Del otro lado del mar venían. Las mujeres querían


el regreso. Vollenweider, inquebrantable les decía:

«Cuiden los niños y la casa. Cuiden vuestros hombres,

que no ha de faltar el pan mientras el trabajo

y la esperanza vivan». De Carlos Casado rondaba

en sus oídos la promesa:

«Desde La Rivière hasta Laguna Larga -Beravebú

dicen los indios- será para usted y su gente.

Las tierras son muy buenas. Buenos los pastos.

Yo le prometo semillas, crédito, herramientas

y hasta el riel y la estación si usted me apura.

Vaya, rece por agua, que lo demás es del trabajo

y de Dios, que está con usted y está conmigo».

Bajo un ombú pararon. Clavó Vollenweider una estaca

que todos rodearon enseguida. «Este lugar será

La Lydia», se convino. Este lugar será de todos

y para todos el crocante pan y la caricia de la harina.

«Desde la mañana la lluvia continúa. Se limpian

las armas. Llegan arrendatarios italianos. Febrero 12».

Eran más dulces sus nombres: Nocino, Delmaschio,

Mellano, Gaborini, Schiozzi, Clérici, Mancini.

Eran guapos para el trabajo y bien dispuestos

y fornidos. Este era el sur y a trabajar venían.

Este era el sur con un aluvión azul de altura

y ellos rompían terrones sin mirar a lo alto

durante todo el día. Por las noches, desde el amor

crecían. Los hijos fueron su pena y su alegría.
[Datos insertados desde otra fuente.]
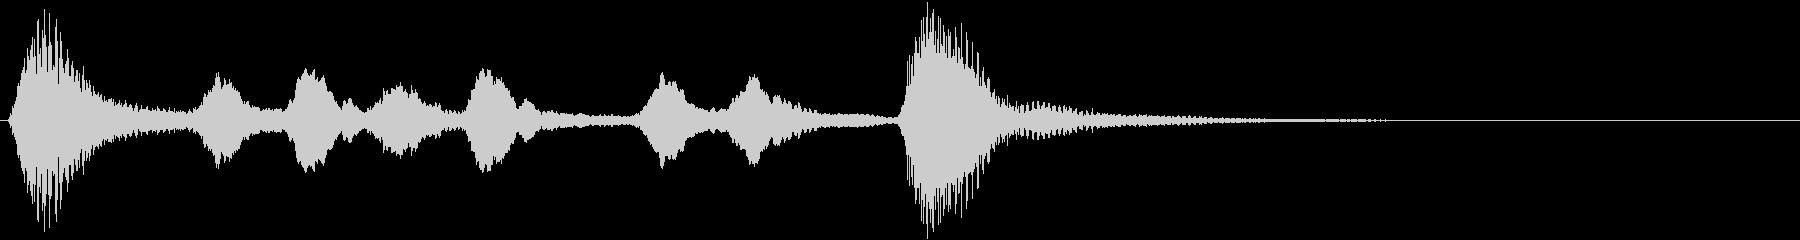 サウンドロゴ、ジングル等の未再生の波形

En el pueblo que debió llamarse La Lydia

don Guillermo Plater era el Juez de Paz y la paz

alrededor crecía (incluso cuando contratistas

irlandeses bautizaron hacia el sureste al pueblo

con un nombre de indios: Los Quirquinchos,

que quiere decir sin dientes.

También cuando los habitantes exaltados

resistieron el pago de los faroles Kitson).

Y fue creciendo el caserío y fue esperándome


hasta ochenta años para que yo lo cantara.
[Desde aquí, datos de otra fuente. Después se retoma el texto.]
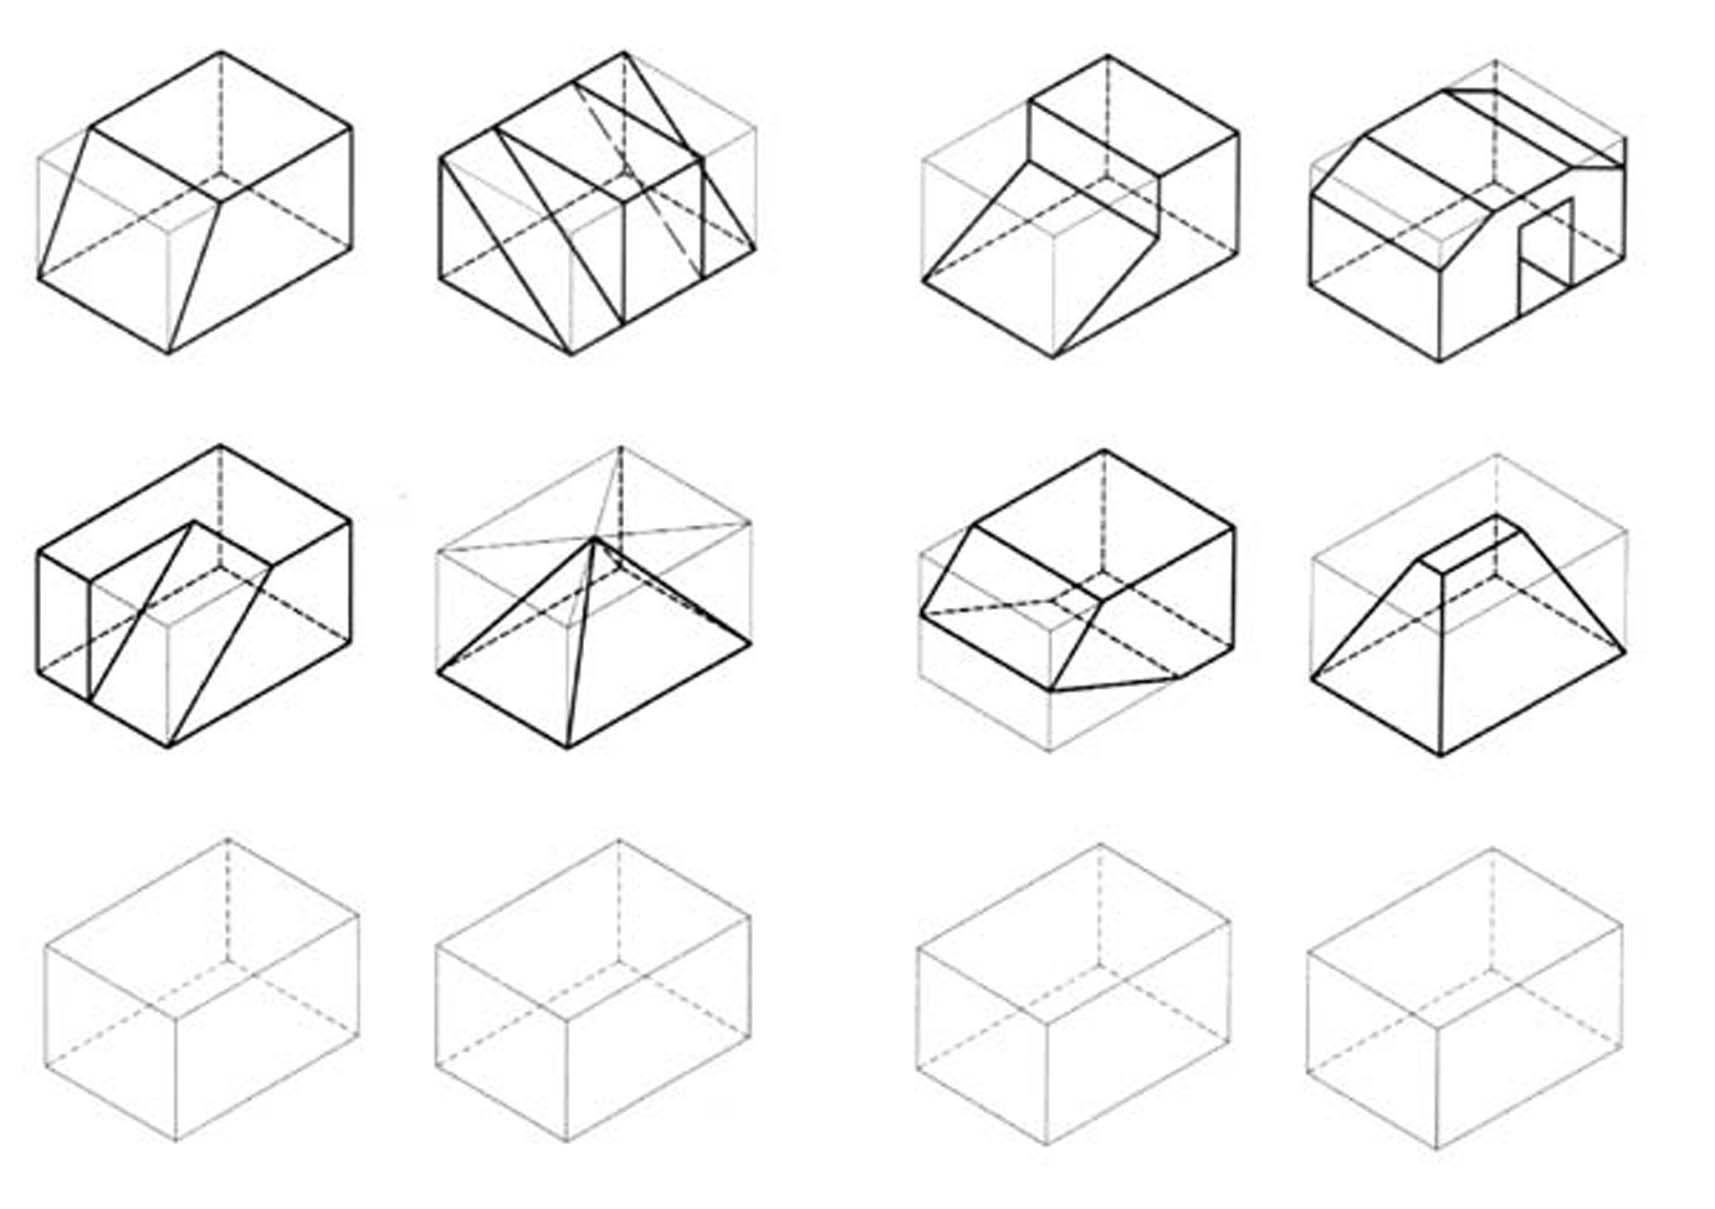 Isometric Drawing Dibujo Tecnico

Los gringos se sentaban al final de la mesa larga,

sin cepillar, de basto pino. Boina, toscano fuerte

y mirar severo para todos. Desde allí dirigían

las siembras, los hijos, las cosechas, los nacimientos

y las pariciones de los animales. A través de los grandes

bigotes llovidos daban las órdenes que no eran resistidas.

Eran padres bíblicos. Padres campesinos.

Eran colonos que se llamaban también: Juvenal Pozzi,

Juan Bivi, Santiago Zanelli, Luis Benedetto, José Collino,

y eran rectos como un cordel tendido. Eran la santidad

del pan y la alegría jocunda de los vinos.

Así poblaron esta pampa Virgen con la sangre

de la Europa cansada. Sólo la paz. Sólo el trabajo

honrado y el pan de sus hijos eran el norte ansiado.

Acá vinieron mis mayores y parieron hijos

díscolos y tristes, que sin embargo emigraron.

Por eso ahora canto desafiando al olvido

y al óxido que todo lo corroe y lo conmueve.

Me he propuesto ser la voz y la memoria

de los míos, porque a mí me ha sido dado el canto

-como a otros el fuego, el poder, los diluvios--

y la numerosa planicie poblada de pájaros.